Introduction
In this lab, we will build a pipeline for dimensionality reduction and classification using Principal Component Analysis (PCA) and Logistic Regression. We will use the scikit-learn library to perform unsupervised dimensionality reduction on the digits dataset using PCA. We will then use a logistic regression model for classification. We will use GridSearchCV to set the dimensionality of the PCA and find the best combination of PCA truncation and classifier regularization.
VM Tips
After the VM startup is done, click the top left corner to switch to the Notebook tab to access Jupyter Notebook for practice.
Sometimes, you may need to wait a few seconds for Jupyter Notebook to finish loading. The validation of operations cannot be automated because of limitations in Jupyter Notebook.
If you face issues during learning, feel free to ask Labby. Provide feedback after the session, and we will promptly resolve the problem for you.
Import Required Libraries
We will first import the required libraries for the implementation of the pipeline.
import numpy as np
import matplotlib.pyplot as plt
import pandas as pd
from sklearn import datasets
from sklearn.decomposition import PCA
from sklearn.linear_model import LogisticRegression
from sklearn.pipeline import Pipeline
from sklearn.model_selection import GridSearchCV
from sklearn.preprocessing import StandardScaler
Define Pipeline Components
We will define the pipeline components including the PCA, Standard Scaler and Logistic Regression.

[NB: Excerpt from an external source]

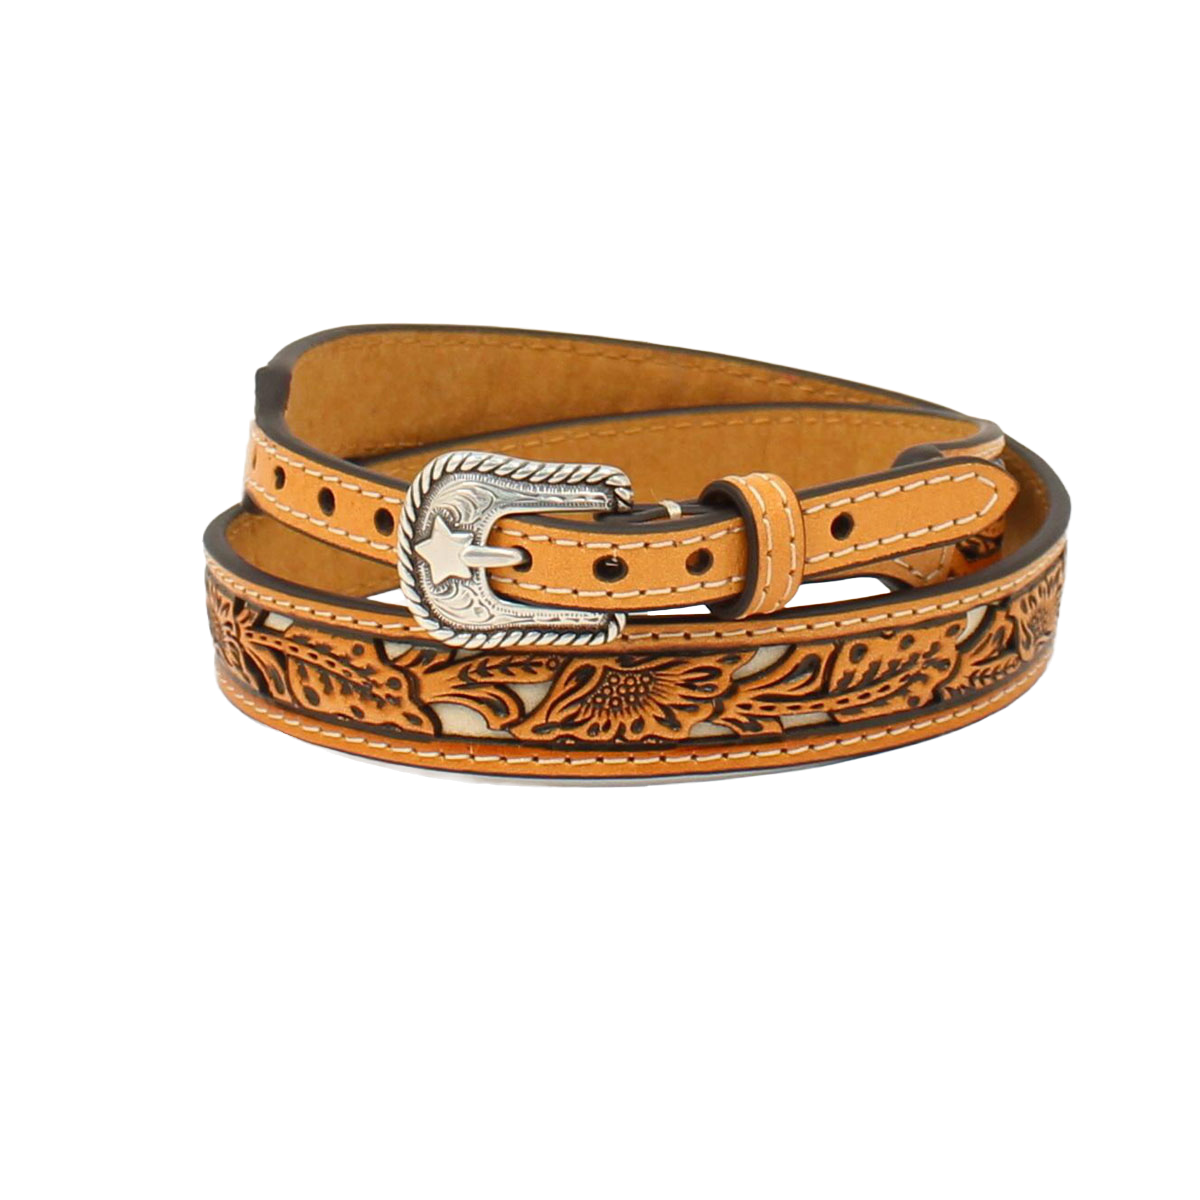 Twister Floral Tooled Leather Hatband 0275205 – Wild West Boot Store

We will set the tolerance to a large value to make the example faster.
## Define a pipeline to search for the best combination of PCA truncation
## and classifier regularization.
pca = PCA()
## Define a Standard Scaler to normalize inputs
scaler = StandardScaler()
logistic = LogisticRegression(max_iter=10000, tol=0.1)
pipe = Pipeline(steps=[("scaler", scaler), ("pca", pca), ("logistic", logistic)])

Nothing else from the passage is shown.